The legal redaction landscape
Four contexts dominate where redaction matters in legal work:
- Court filings. Most directly, FRCP Rule 5.2 and the parallel Bankruptcy Rule 9037 mandate redaction of specific identifiers (SSNs to last four, financial account numbers, birthdates to year only, minors' names to initials) before filing. State-court rules generally mirror this.
- E-discovery production. Under FRCP 26(b) and 34, parties produce documents responsive to discovery requests. Anything privileged or protected has to be withheld or redacted, and a privilege log has to justify each withholding. ESI production multiplies the volume; modern matters routinely involve millions of documents.

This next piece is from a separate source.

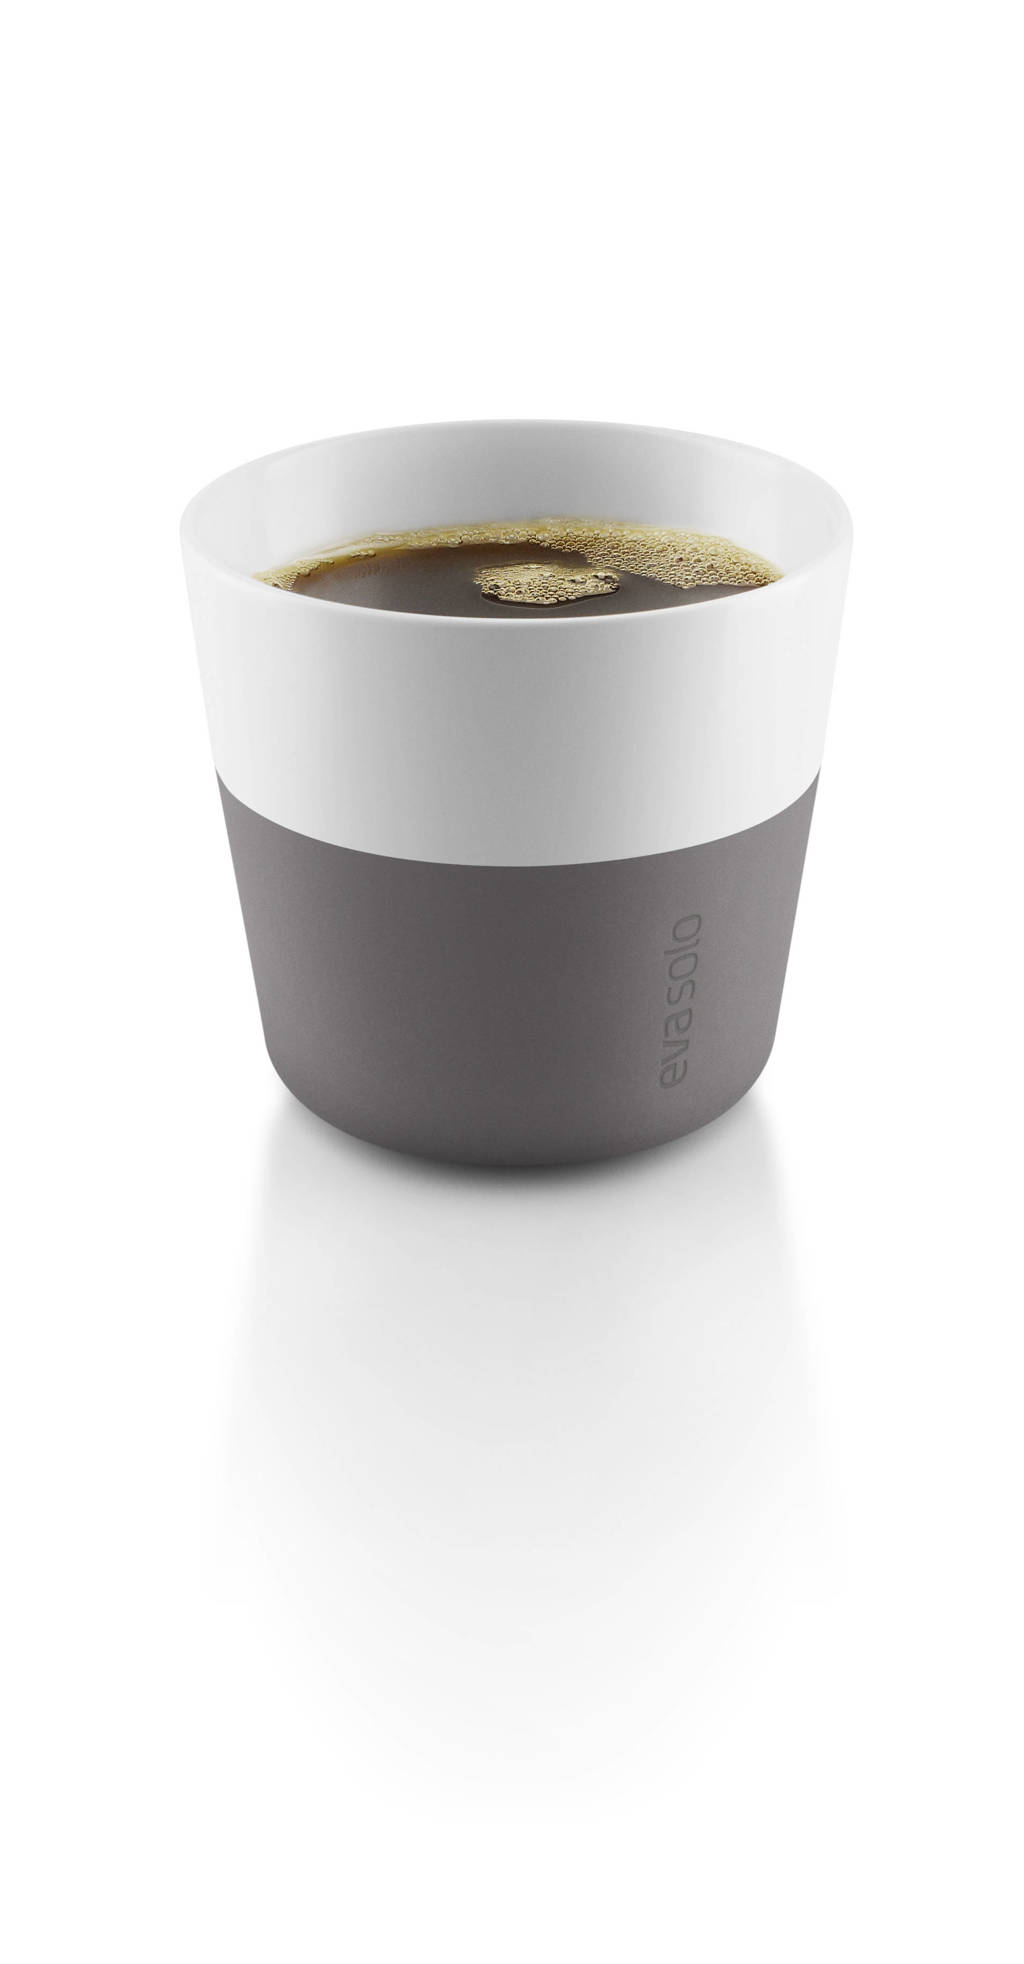 Eva Solo koffiemok (23 cl) (2 stuks), Wit,Grijs

- Privilege review. Attorney-client and work-product privilege protections require redacting privileged content before disclosure. Inadvertent waiver is a real risk; FRE 502 provides a clawback safety net but doesn't excuse the original lapse.

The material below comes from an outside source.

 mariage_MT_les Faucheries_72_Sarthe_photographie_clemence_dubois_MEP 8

- M&A due diligence. Buyers want to see operational data; sellers want to limit exposure pre-close. Data rooms get populated with redacted versions of customer lists, employee records, contracts, and financial statements.
Adjacent to these: settlement-agreement preparation (often public-records-eligible), FOIA response redaction (government agencies), and class-action notice preparation (named plaintiffs only; class members anonymized).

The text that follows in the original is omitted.